Die moralische Urteilsfähigkeit kann auch dadurch trainiert werden, indem die kognitiven Strukturen durch eine prozess- und nicht durch eine produktorientierte Leistungsforderung gefördert werden. Wichtiger als die Lösung eines Problems ist der Prozess des Problemlösens. Die bloße Vermittlung von Informationen und vorgefertigten Antworten trägt nicht zur Entwicklung der Reflexionsfähigkeit bei, sondern fixiert auf einem konkreten kognitiven Niveau. Schroder, Driver und Streufert (1967) verweisen darauf, dass die kognitive Komplexität sogar regredieren kann, wenn Ziele und Verhaltensmodelle vorgeschrieben werden und das Verhalten nur in Übereinstimmung mit vorgegebenen Kriterien bewertet wird. Deduktive Unterrichtsmethoden, die auf der Zerlegung einer Aufgabe in ihre Komponenten und auf dem Lernen jeder Komponente und der

126 Integrationsregeln gründen, vereinfachen die Lernsituationen, was zu einer Verzögerung der kognitiven Entwicklung führt.

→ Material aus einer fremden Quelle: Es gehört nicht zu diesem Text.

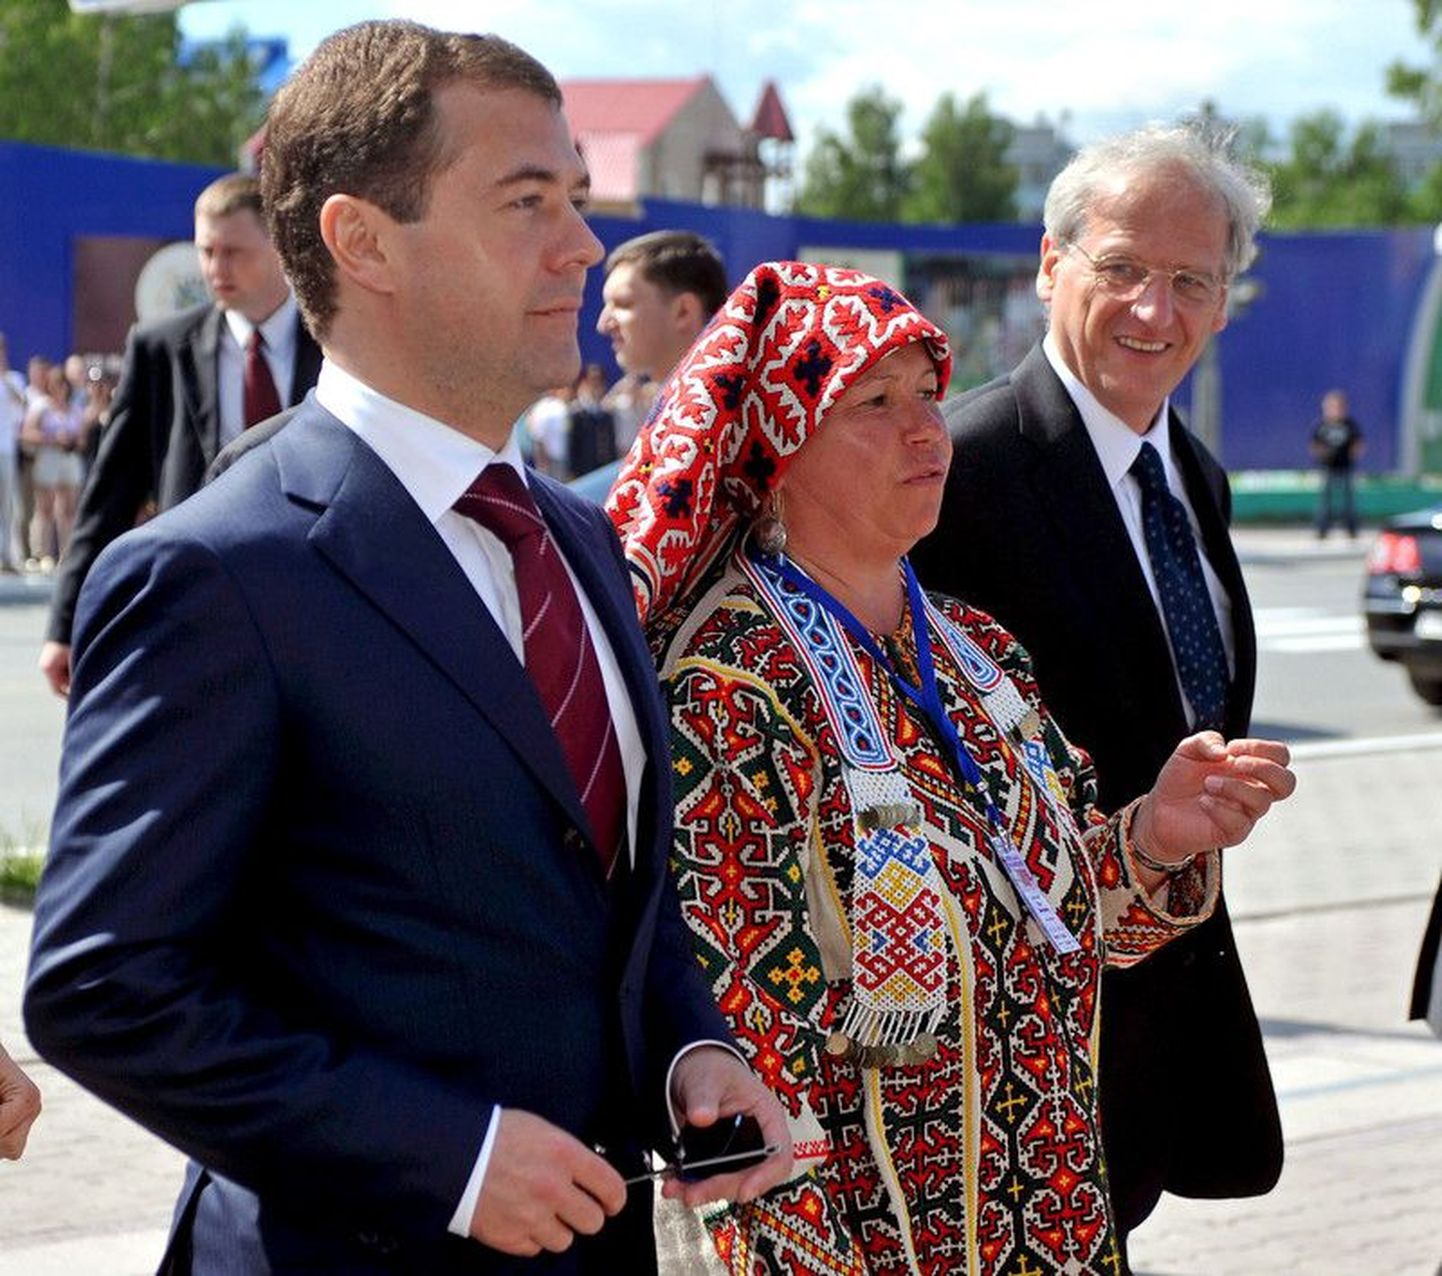 Venemaa tollane president Dmitri Medvedev ja Ungari president László Sólyom kõnnivad koos rahvariides naisega soome-ugri rahvaste maailmapäeval Siberis.

Bloße Vermittlung von Kenntnissen und Regeln und die Bewertung ihrer Assimilation durch externe Belohnungs- oder Bestrafungsmethoden bewirken einen Stillstand der kognitiven Entwicklung auf einem konkreten Niveau.

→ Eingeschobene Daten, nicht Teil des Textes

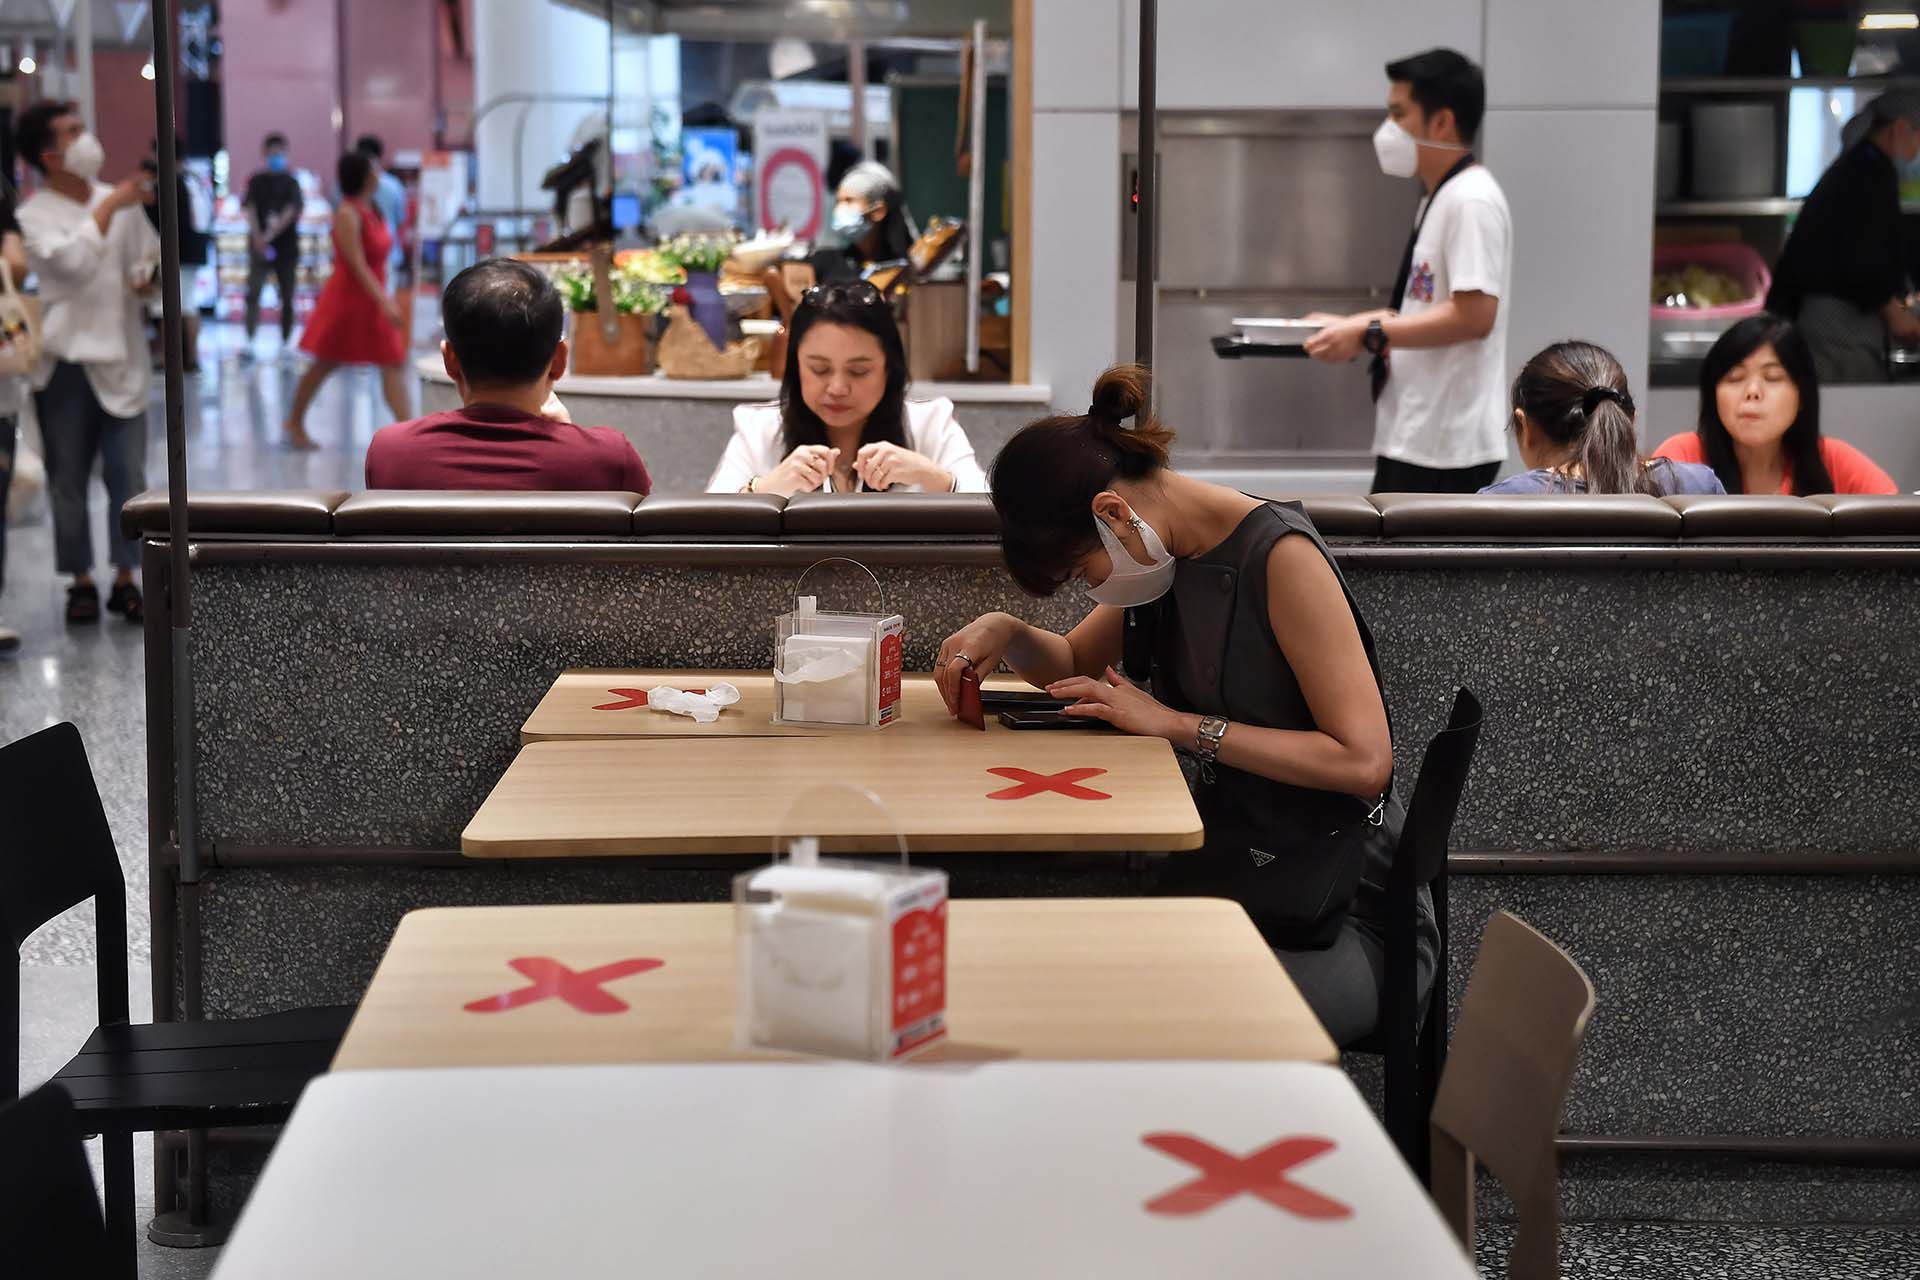 Las cruces señalan los lugares a evitar para mantener la distancia social en el patio de comidas de un centro comercial en Bangkok.

Lernsituationen, die auf induktiven Unterrichtsmethoden beruhen und in denen dem Lernenden die Aufgabe gestellt wird, Integrationsregeln selbst zu entdecken oder zu entwickeln, führen hingegen zur Entwicklung abstrakter Strukturen. Die Hauptaufgabe des Erziehers ist nicht die, Inhalte und Regeln zu vermitteln, sondern die Lernumwelt so zu gestalten, dass sie selbst Anreize zu ihrer Erforschung anbietet.

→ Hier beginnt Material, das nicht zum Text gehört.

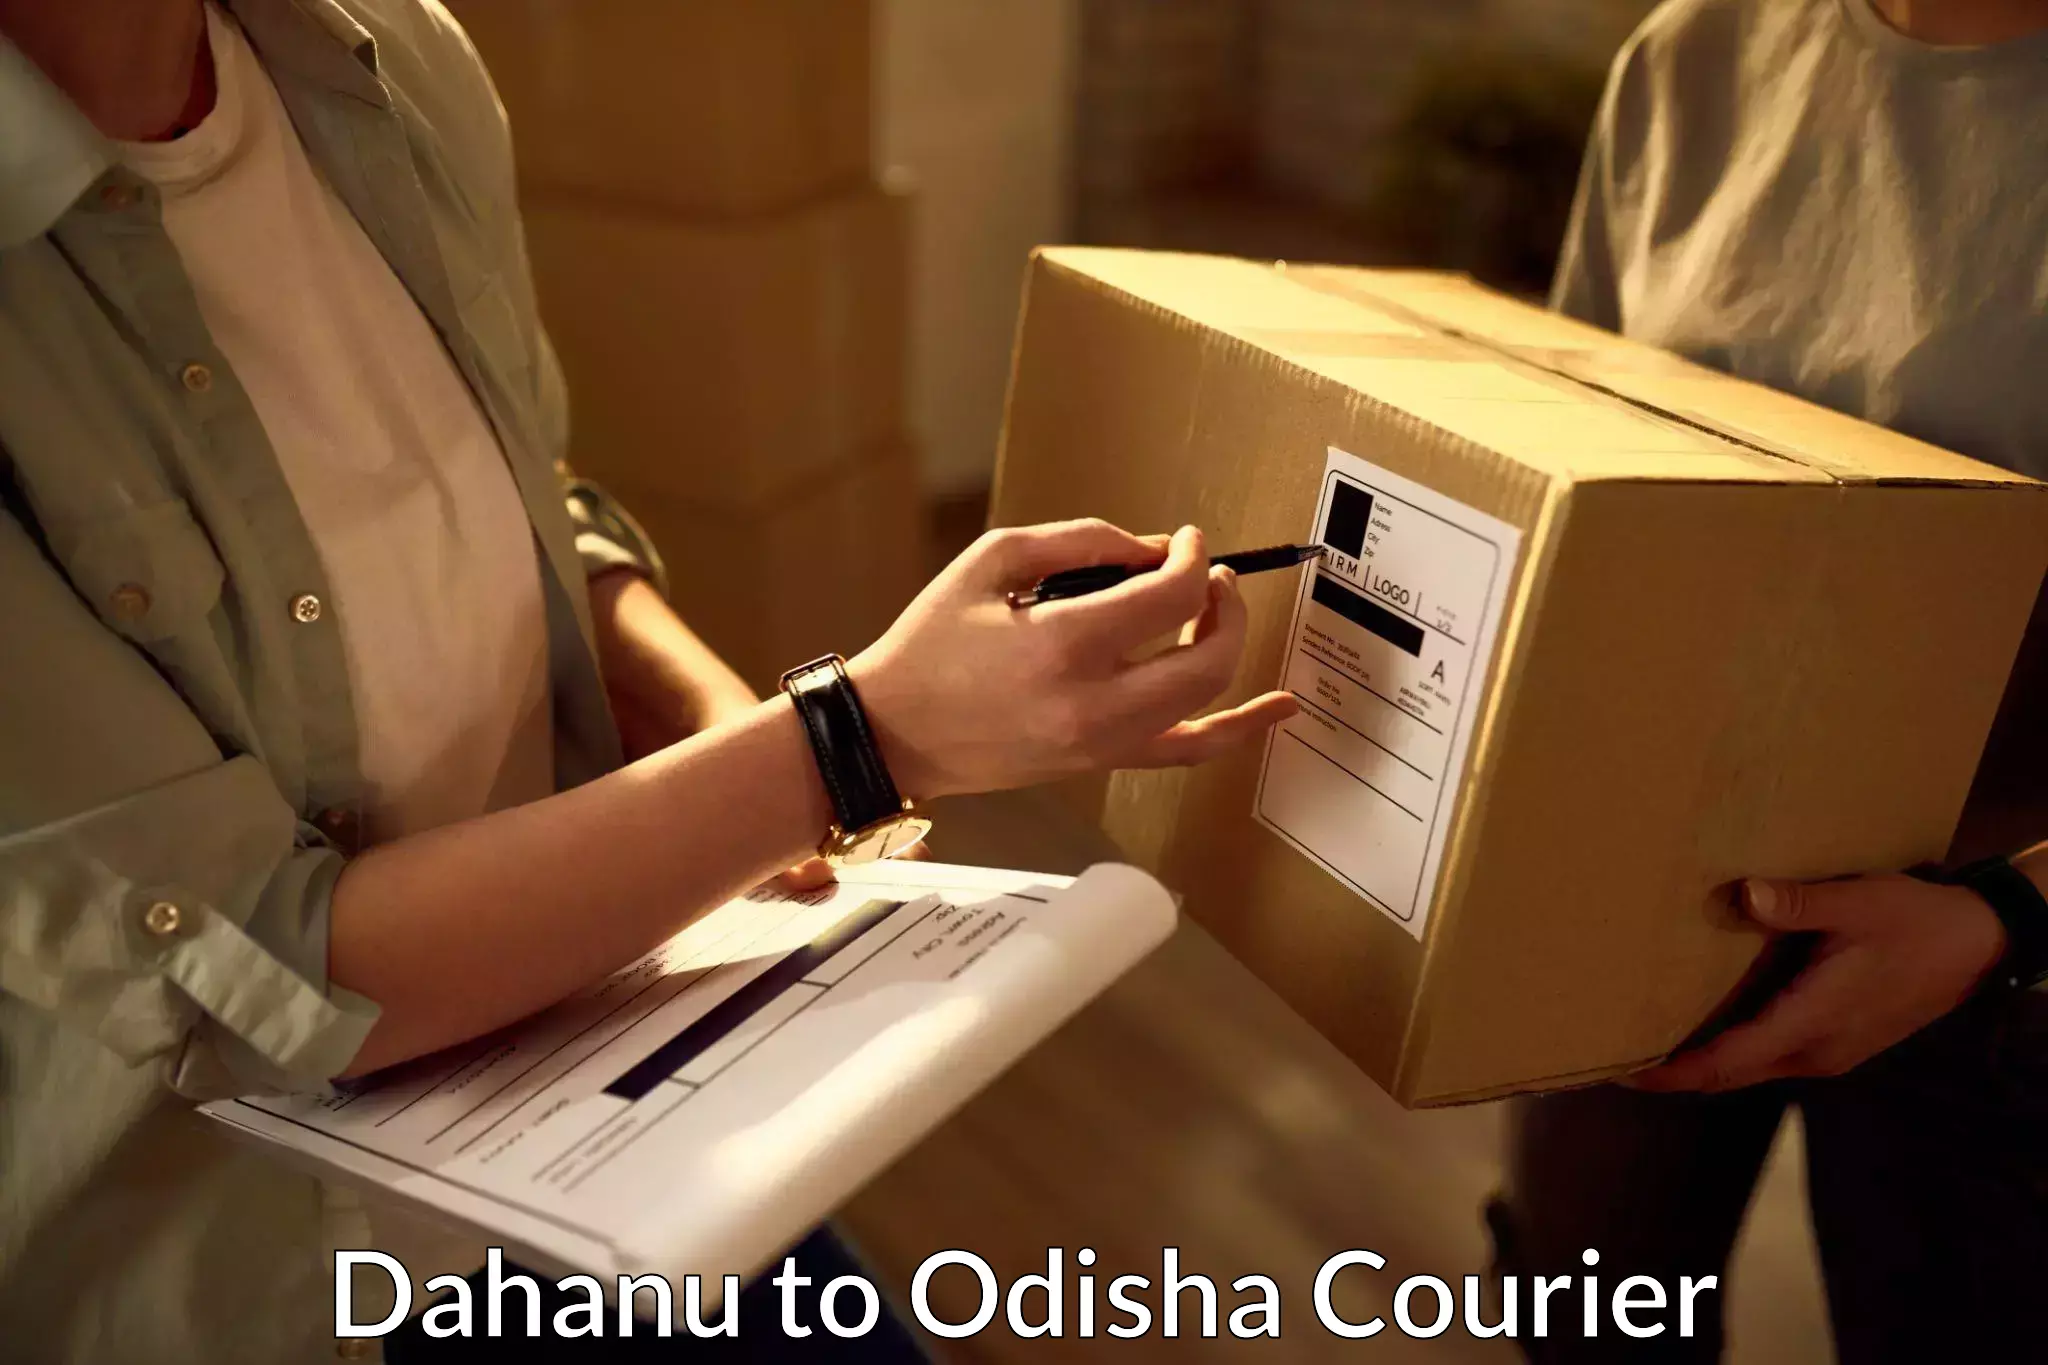 Digital courier platforms Dahanu to Turanga

Die Gestaltung der Lernumwelt ist wesentlich von Erziehern geprägt. Reiman und Johnson (2003) zeigen, dass zwischen dem Niveau moralischer Entwicklung des Lehrers und seinen Arbeitsmethoden eine wichtige Beziehung besteht. Erzieher, die höhere moralische Urteilsfähigkeit haben, fordern mehr die aktive und kritische Teilnahme der Studierenden, verwenden öfter Diskussionsmethoden und bevorzugen prozessorientierte Lehrmethoden den produktorientierten. Eine weitere Möglichkeit zur Förderung moralischer Urteilsfähigkeit der Studierenden wäre also die Förderung moralischer und sozialer Kompetenzen ihrer Lehrer.

Nicht zuletzt hängt die Förderung moralischer Urteils- und Diskursfähigkeit von der ihr zugeschriebenen Bedeutung ab. Obwohl in Rumänien als auch in vielen anderen Ländern ein erklärtes Bildungsziel ist, neben fachlichen Kenntnissen auch moralische und soziale Kompetenzen zu fördern, liegt der Fokus weiterhin fast ausschließlich auf der Vermittlung und Aneignung von Fachwissen. Für viele Erzieher, sowie Studierende hat der Erwerb von fachlichen Kenntnissen und Fähigkeiten Vorrang. Oft wird übersehen, dass die moralisch-demokratische Urteilsfähigkeit genau so wichtig für das zukünftige Berufsleben ist, wie die fachlichen Kompetenzen. Mit zunehmender moralischer Urteilsfähigkeit wächst die Bereitschaft, sich in Problemlösen zu engagieren, anstatt vorgefertigte Antworten zu übernehmen. So wird das kritische Denken gefördert, das eine notwendige Voraussetzung für gute schulische Leistungen, insbesondere in den höheren Schuljahren, und für den Berufserfolg ist. Nur wenn alle Beteiligten am Bildungsprozess davon überzeugt sind, dass die Förderung moralischer Urteilsfähigkeit genau so wichtig ist, wie die Förderung fachlicher Kompetenzen, kann man sagen, dass ein wichtiger Schritt zur Gestaltung einer fördernden Lernumwelt gemacht wurde.